*** Opening Recorded data ***

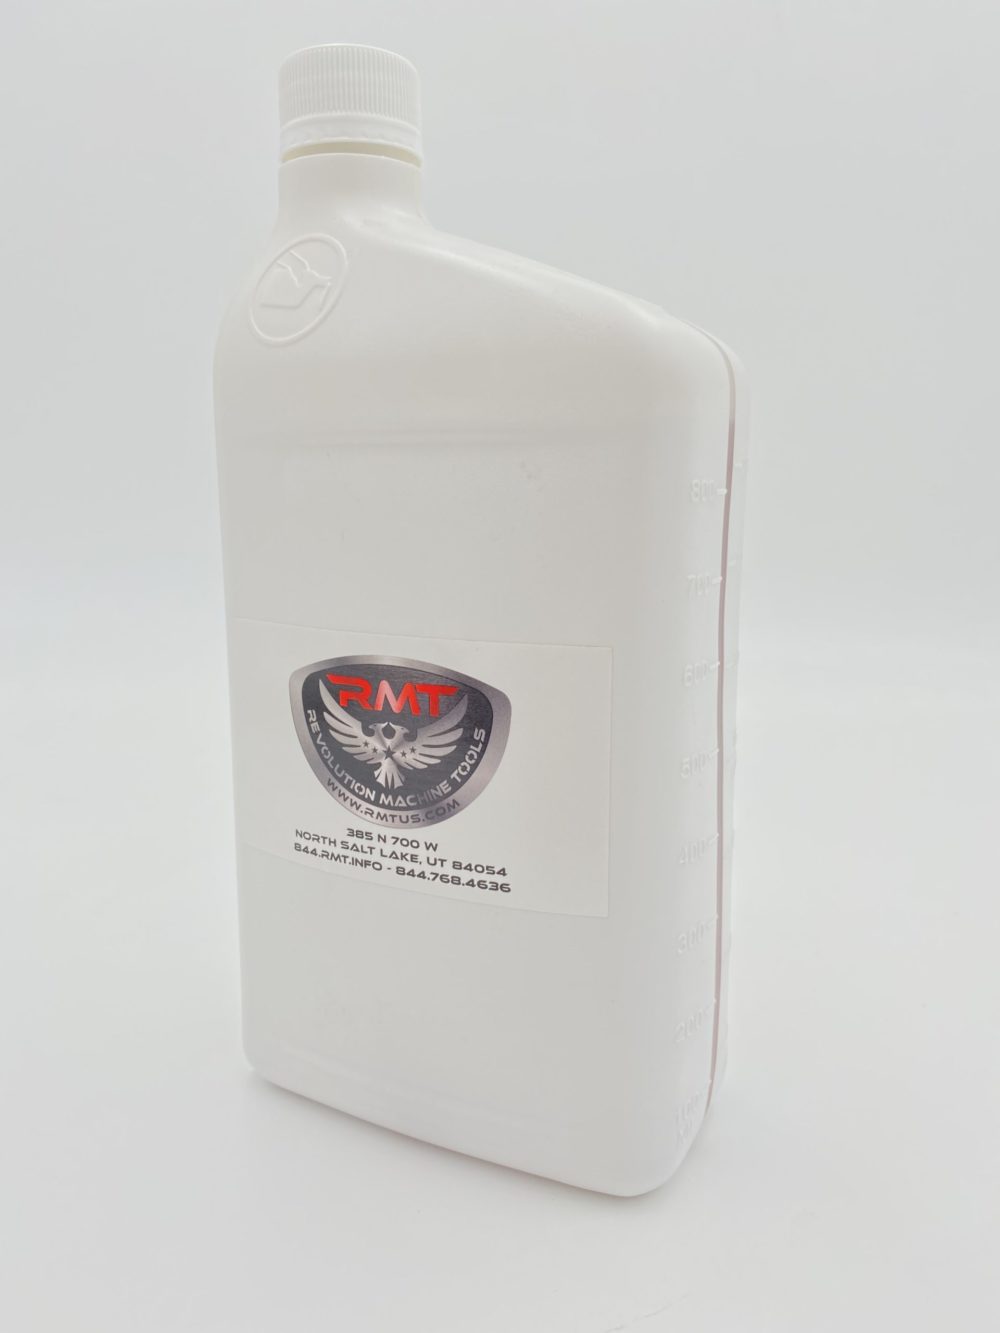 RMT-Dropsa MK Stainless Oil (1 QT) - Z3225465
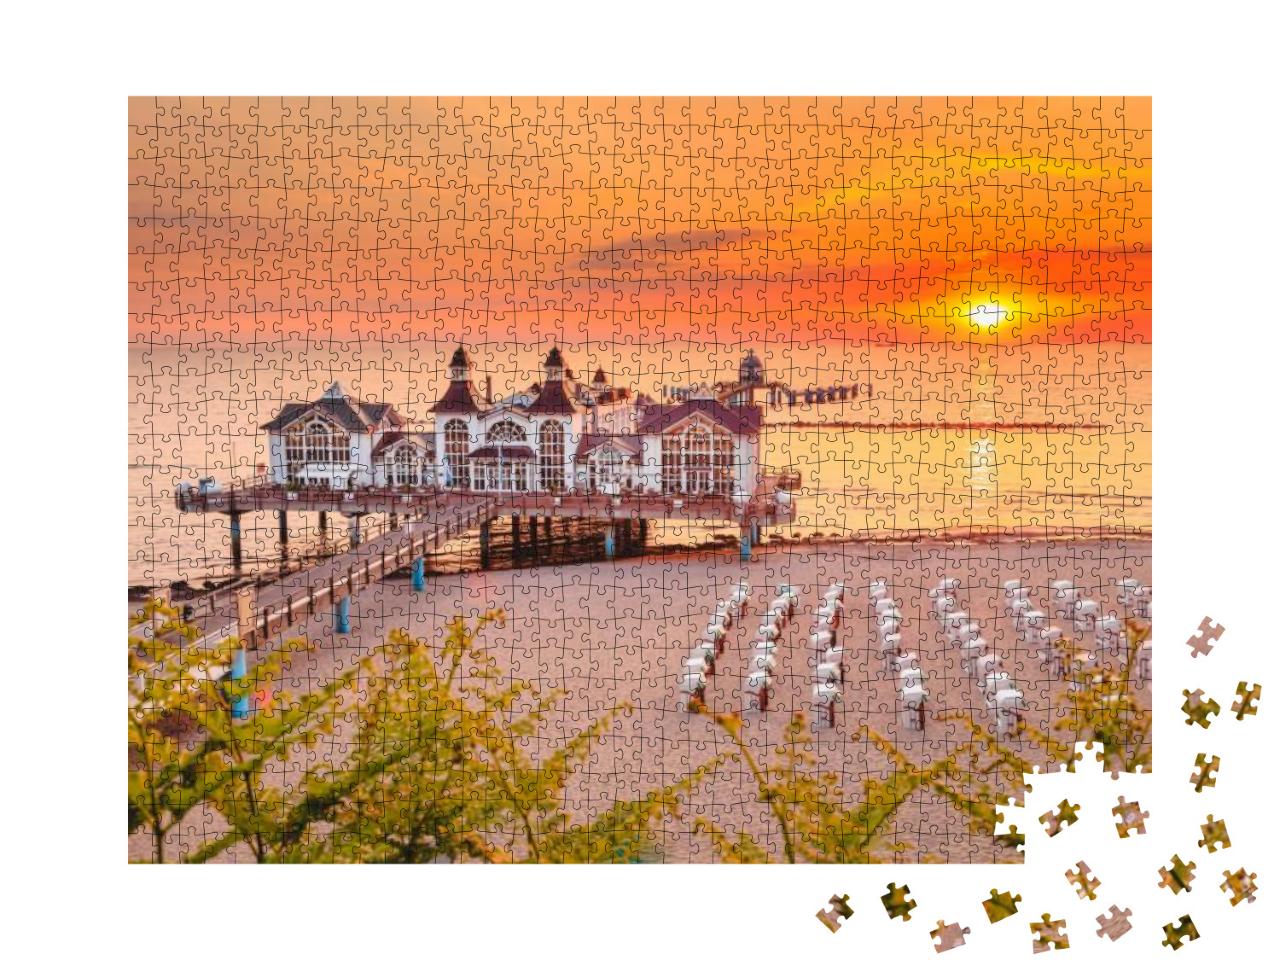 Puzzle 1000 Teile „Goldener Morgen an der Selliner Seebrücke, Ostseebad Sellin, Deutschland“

*** Closing Recorded data ***
*** Opening Recorded data ***

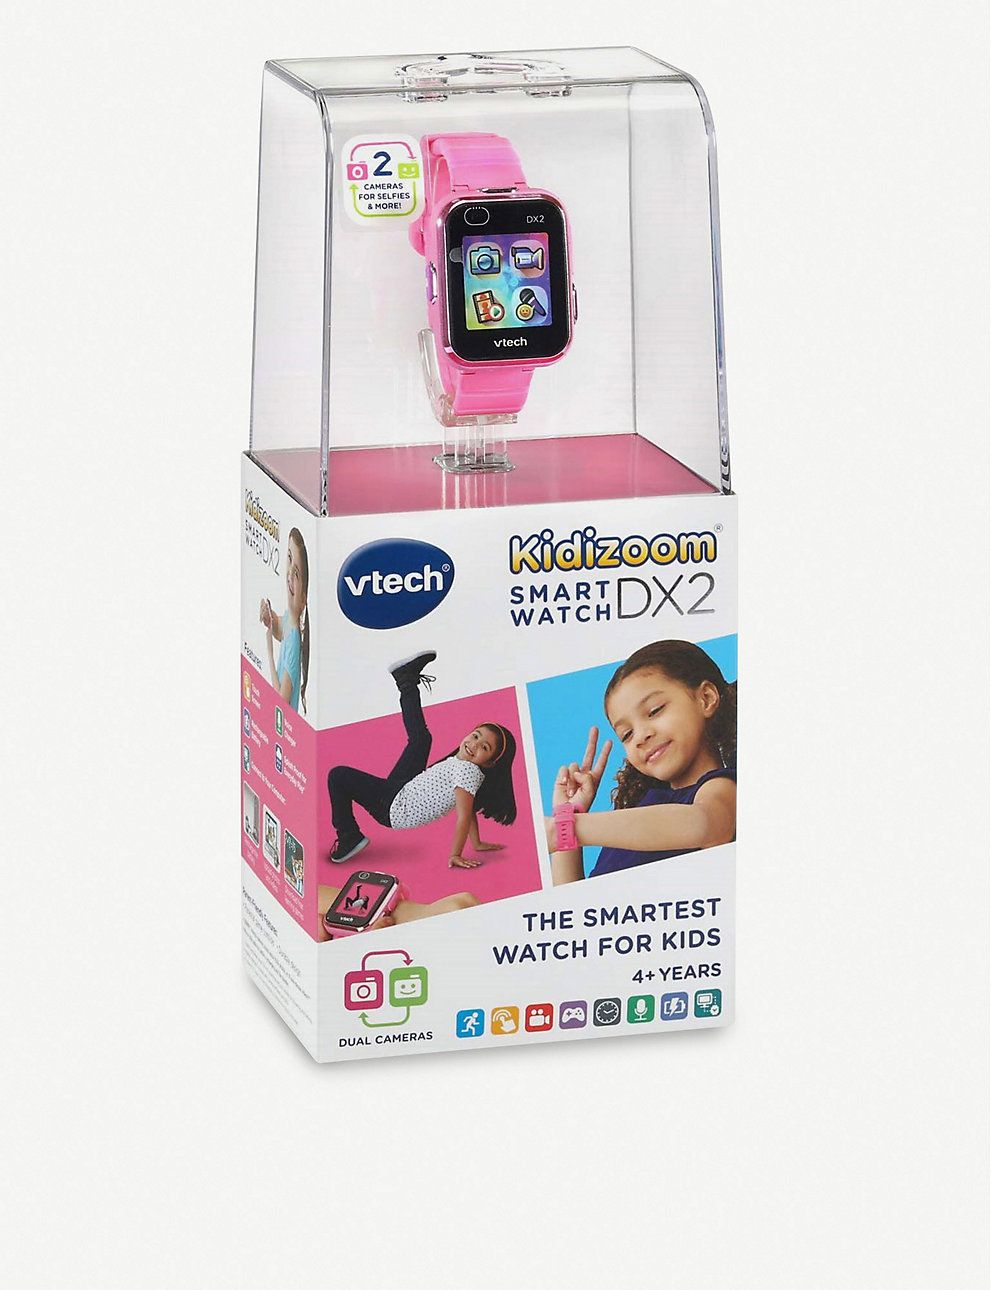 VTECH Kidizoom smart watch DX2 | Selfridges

*** Closing Recorded data ***

Word for word, restate the lines above from the one with "RMT-Dropsa MK Stainless" through the one with "Puzzle 1000 Teile", keeping both ends and dropping the pictures.

 RMT-Dropsa MK Stainless Oil (1 QT) - Z3225465
 Puzzle 1000 Teile „Goldener Morgen an der Selliner Seebrücke, Ostseebad Sellin, Deutschland“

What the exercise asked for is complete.